(Bloomberg) — OpenAI was on the verge of a major milestone. The startup completed an initial round of training in September for a massive new artificial intelligence model that it hoped would significantly outperform previous versions of the technology behind ChatGPT and move closer to its goal of powerful AI that outperforms humans.
But the model, known internally as Orion, did not achieve the performance the company desired, according to two people familiar with the matter, who spoke on the condition of anonymity to discuss company business. . Late in the summer, for example, Orion failed to answer coding questions he hadn’t been trained to answer, the sources said. Overall, Orion is so far not seen as as significant an advancement over existing models of OpenAI as GPT-4 was over GPT-3.5, the system that originally powered the company’s flagship chatbot, the sources said.
OpenAI isn’t the only one experiencing difficulties recently. After years of pushing out increasingly sophisticated AI products at a breakneck pace, three of the biggest AI companies are now seeing diminishing returns from their costly efforts to create new models. At Alphabet Inc.’s Google (GOOG, GOOGLE), a next iteration of its Gemini software is not meeting internal expectations, according to three people with knowledge of the matter. Anthropic, for its part, saw the schedule slip for the release of its highly anticipated Claude model called 3.5 Opus.

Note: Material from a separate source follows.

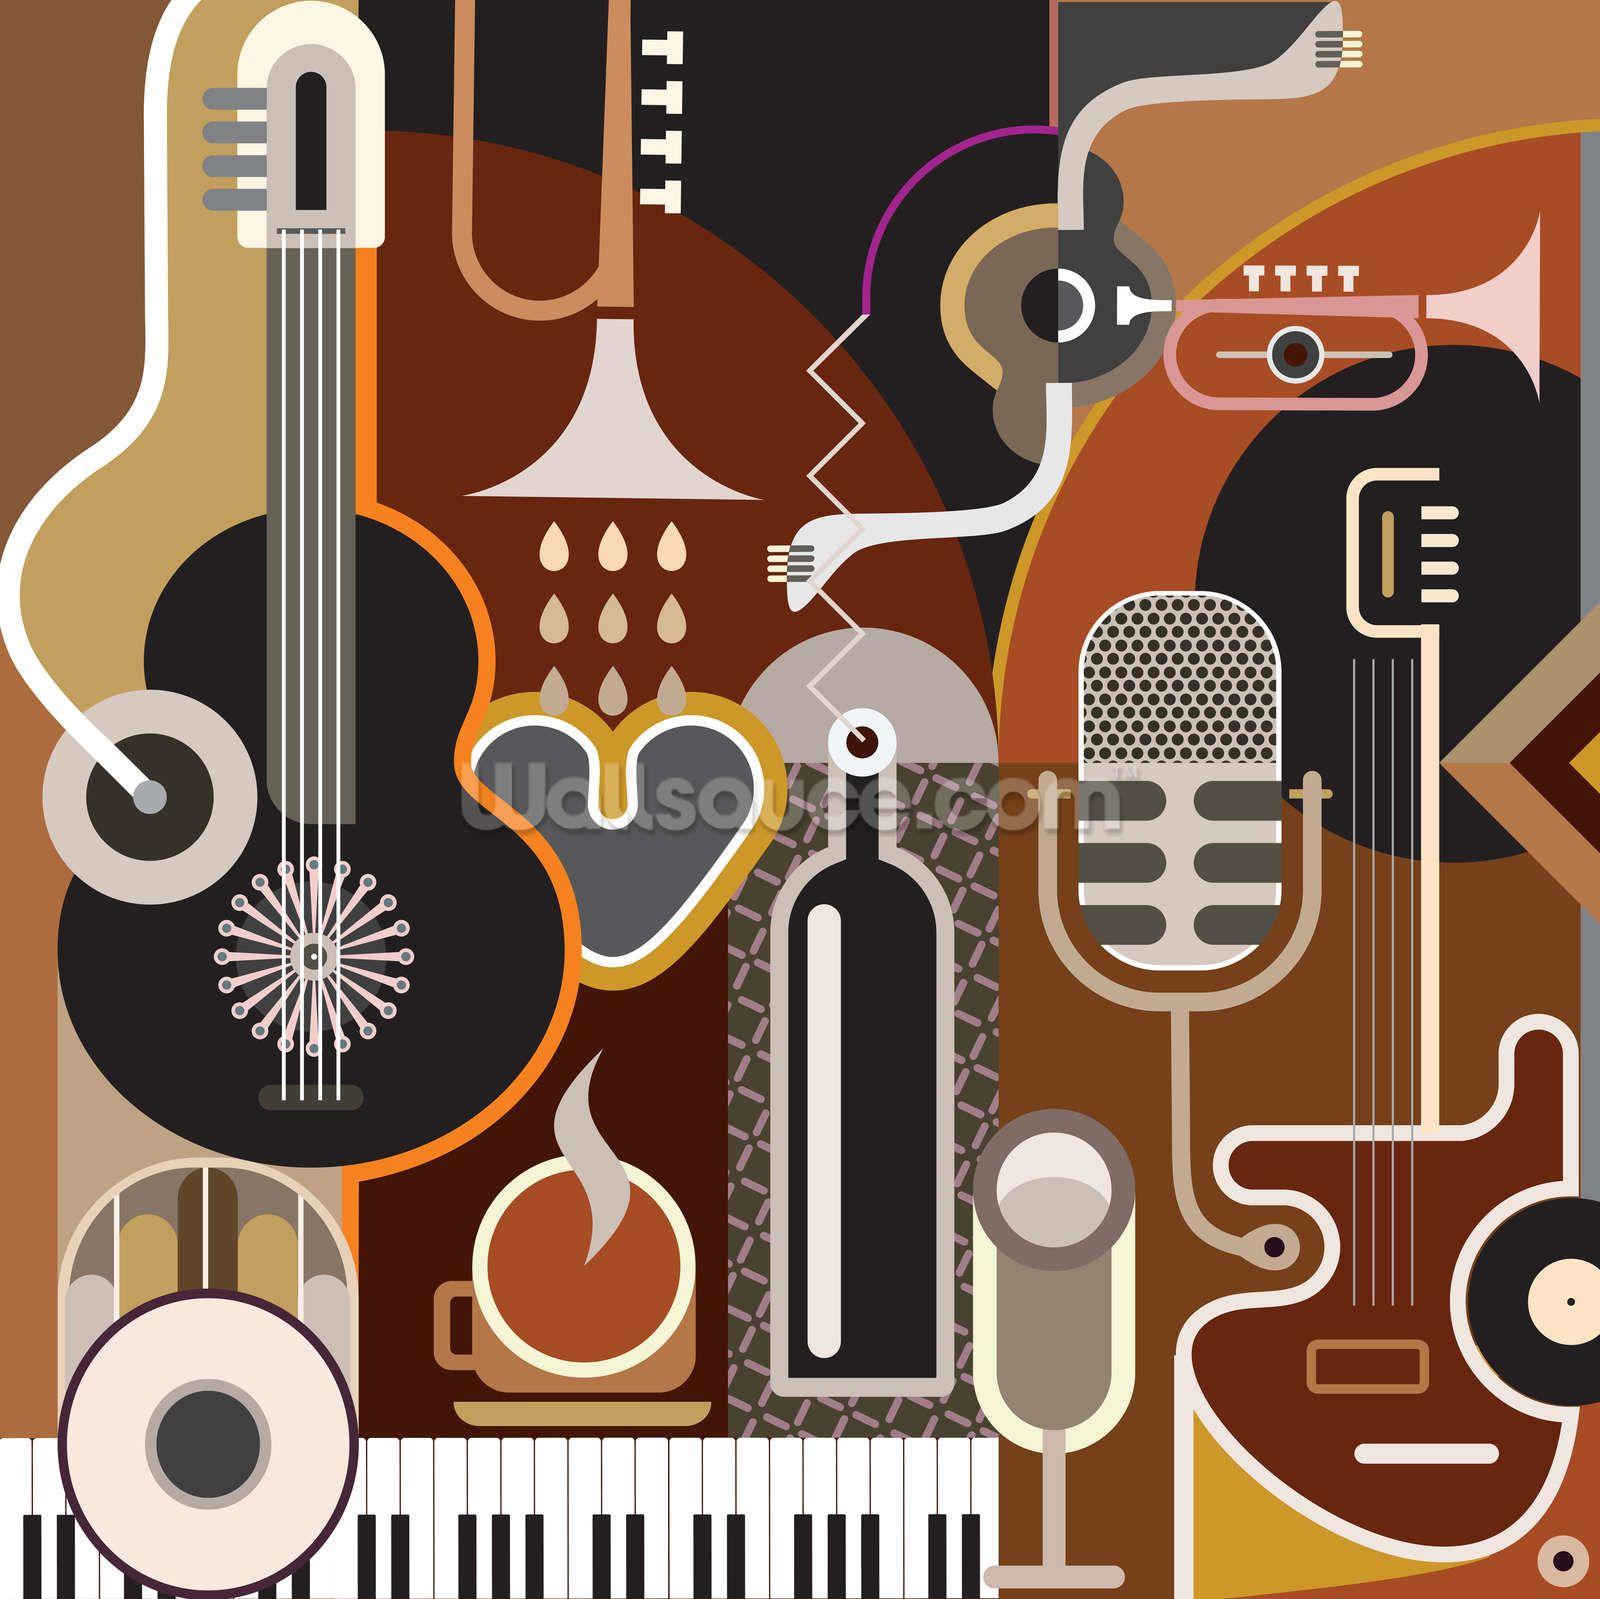 Music Abstract Wallpaper Wallsauce Uk Music Illustration Music Backgrounds Musical Art

Businesses face several challenges. It has become increasingly difficult to find new, untapped sources of high-quality artificial training data that can be used to create more advanced AI systems. Orion’s unsatisfactory coding performance was partly due to a lack of sufficient coding data to train on, two people said. At the same time, even modest improvements may not be enough to justify the enormous costs associated with building and operating new models, or to meet the expectations of presenting a product as an upgrade. major level.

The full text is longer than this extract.